Faithful, Cooperative Parents
Faithful, Cooperative Parents
▪ The temperature on the South African highveld, or interior plateau, is close to freezing. From my warm third-floor office, I anxiously watch a leafless tree sway to and fro before a howling winter wind. Down in a fork of the tree, a laughing dove is keeping a couple of three-day-old chicks warm.
Before the first eggs were laid, the dove and its mate cooperated in building the nest—the male bringing twigs and the female setting them in place. They did a superb job because fierce winter winds have been unable to dislodge the nest, which has now been home to two broods. The female incubated these eggs at night; the male, during the day. After about two weeks, the eggs hatched. Before two more weeks are up, the nestlings will be big and also strong enough to fly.

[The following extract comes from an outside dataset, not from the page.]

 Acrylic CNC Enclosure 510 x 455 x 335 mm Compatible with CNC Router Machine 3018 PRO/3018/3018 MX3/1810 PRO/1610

Listen! Can you hear that pleasant cooing that sounds like gentle laughter? The female laughing dove, with her crop full of food for her hungry chicks, has announced her arrival on a nearby branch and is ready to relieve her mate. Even after the chicks have left the nest, both parents will continue feeding them until they can fend for themselves.

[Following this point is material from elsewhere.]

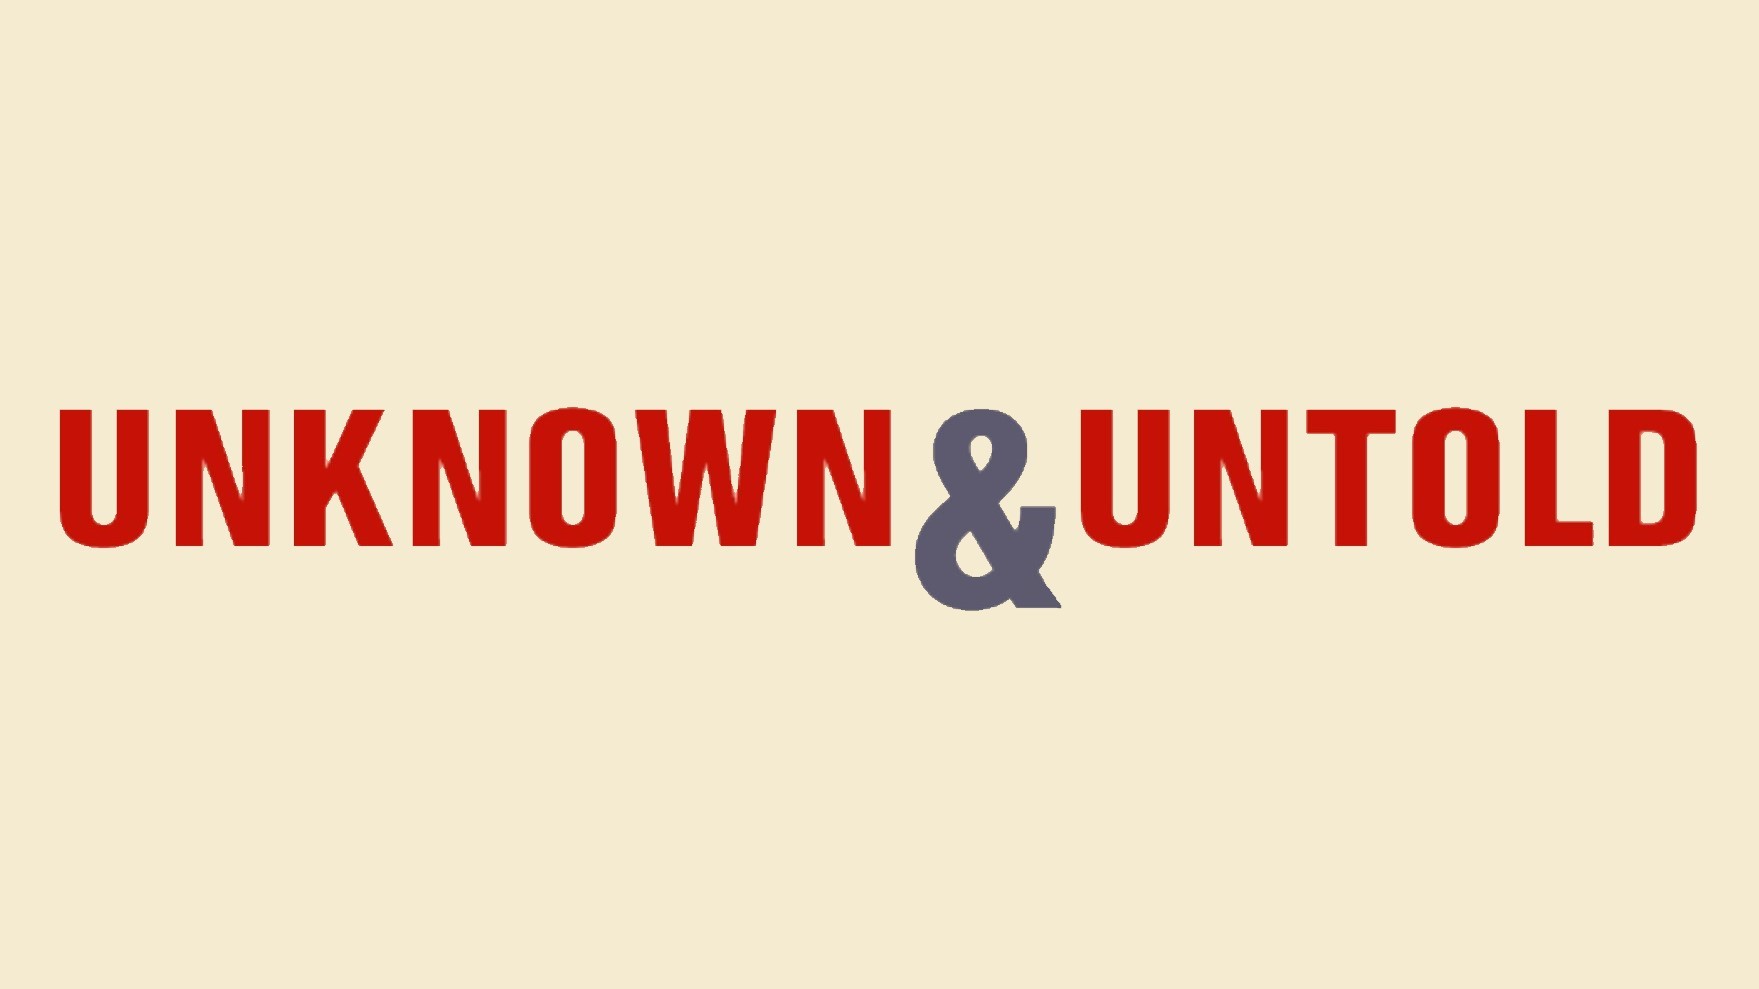 Logo: Unknown & Untold

I often marvel at the cooperation and tender care shown by those birds, whose instincts are unfailingly passed on from one generation to the next. These facts call to mind the words of Psalm 86:8: “There is none like you . . . , O Jehovah, neither are there any works like yours.”

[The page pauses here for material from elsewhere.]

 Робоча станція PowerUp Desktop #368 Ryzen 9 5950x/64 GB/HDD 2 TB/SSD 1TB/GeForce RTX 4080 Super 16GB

In his written Word, the Holy Bible, Jehovah God has provided guidance for human parents that is as reliable as the instincts he gave to the doves. For example, the Bible urges mothers “to love their children.” (Titus 2:4) To fathers, it says: “Do not be irritating your children, but go on bringing them up in the discipline and mental-regulating of Jehovah.” (Ephesians 6:4; 1 Timothy 5:8) To be sure, parents who do these things are truly precious in God’s eyes.